On 7/3/2010 3:24 PM, Jim Nichols wrote:
> Hi Moose,
>
> Thanks for the thoughtful dissertation. ... Since the computer was purchased
> in 2005, I figure that most current drives will outlive the computer itself.
Well, a while ago, I bought a drive to back-up my C: and it died in the process
of the back-up. From a major maker, a
drive that looked good from reviews.
> I just hate to get in the business of testing hard drives, and duplicating
> the bad choices that others may have made.
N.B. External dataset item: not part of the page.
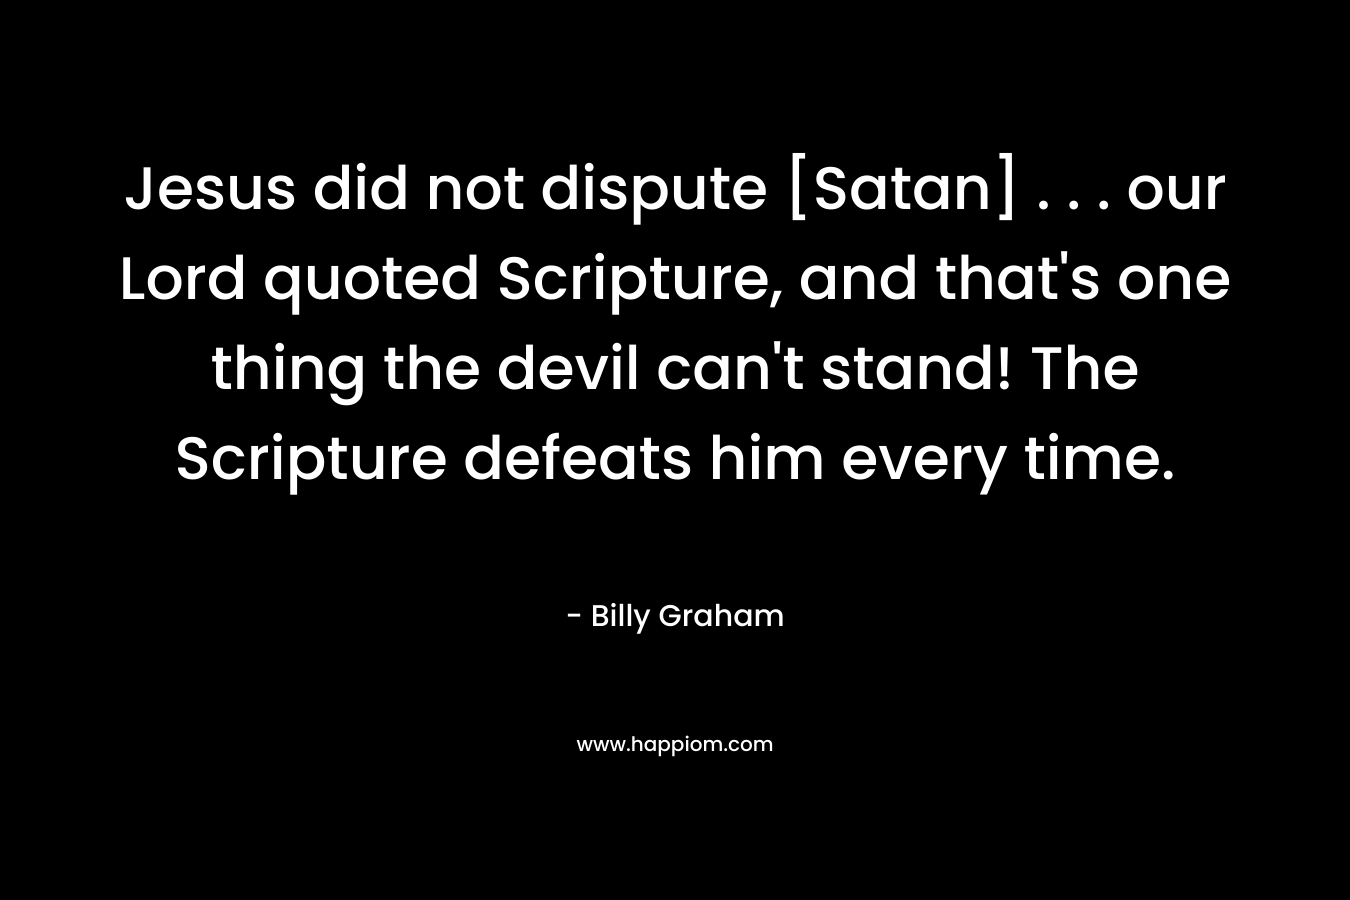 Jesus did not dispute [Satan] . . . our Lord quoted Scripture, and that's one thing the devil can't stand! The Scripture defeats him every time.

As the above illustrates, and as was the primary thrust of my dissertation;
statistically, it's simply not possible to
significantly better your chances of a failure through intelligent choice. It
seems that one should be able to, but I
don't think it's true.
In addition to the pure statistical situation, the manufacturers are in a
continuous process of changing their products
under the skin, both to lower costs and to improve performance/reliability.
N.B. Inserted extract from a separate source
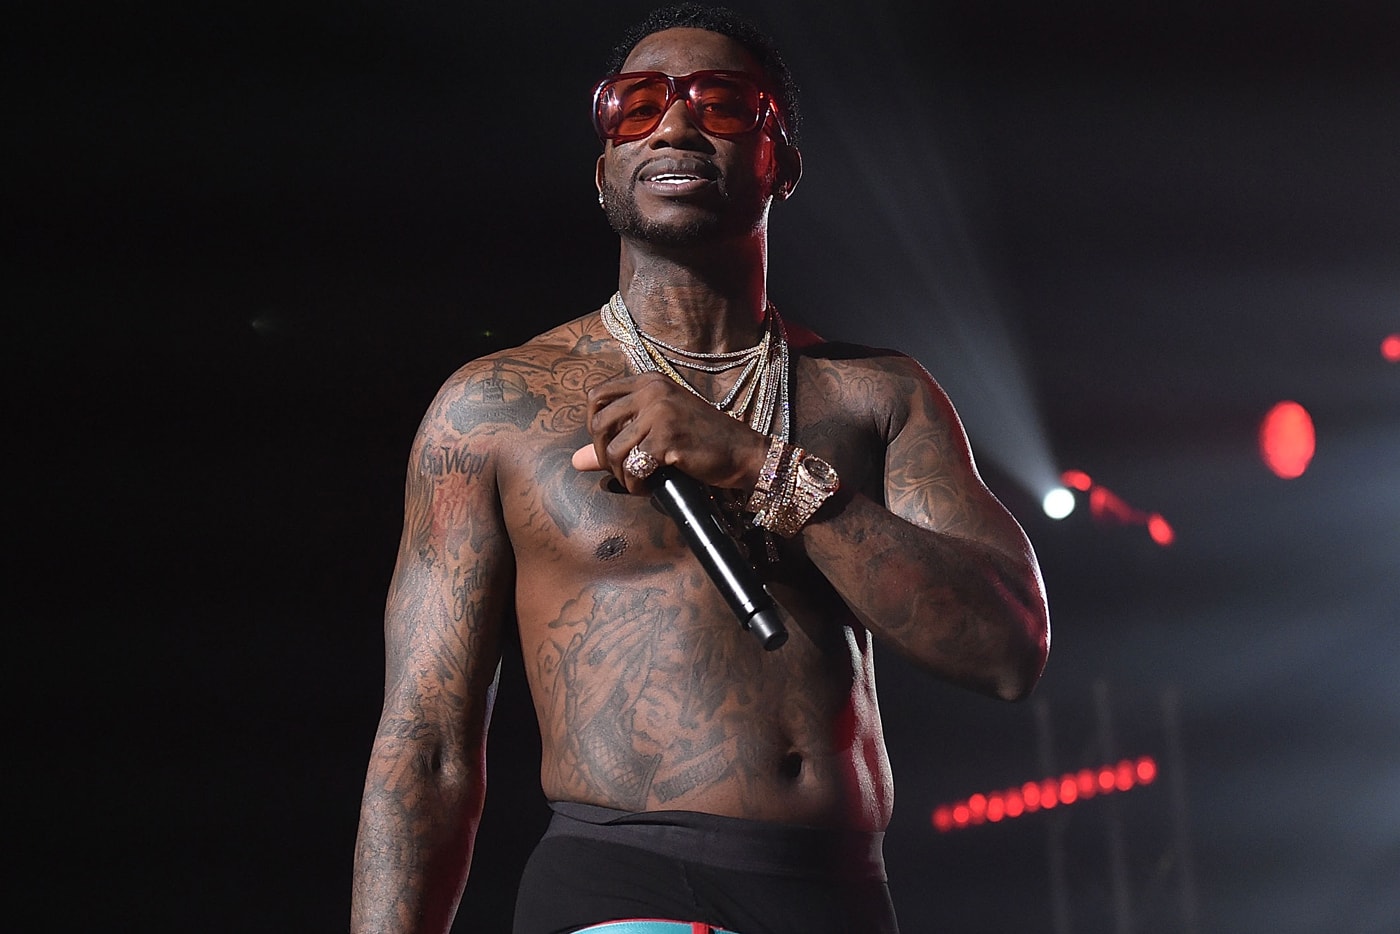 gucci-mane-everybody-looking-mike-will-made-it-interview-fader

I've received two drives on the same order
with different hardware/firmware ID nos. There are some thing we just can't
know.
As a completely statistically meaningless data point, I used that principle in
buying my most recent two, 1TB, HD,
buying the least expensive name brand at the time, and have had no trouble yet.
I can say with assurance that I spent
almost infinitely less time, effort and brain cells doing it that way.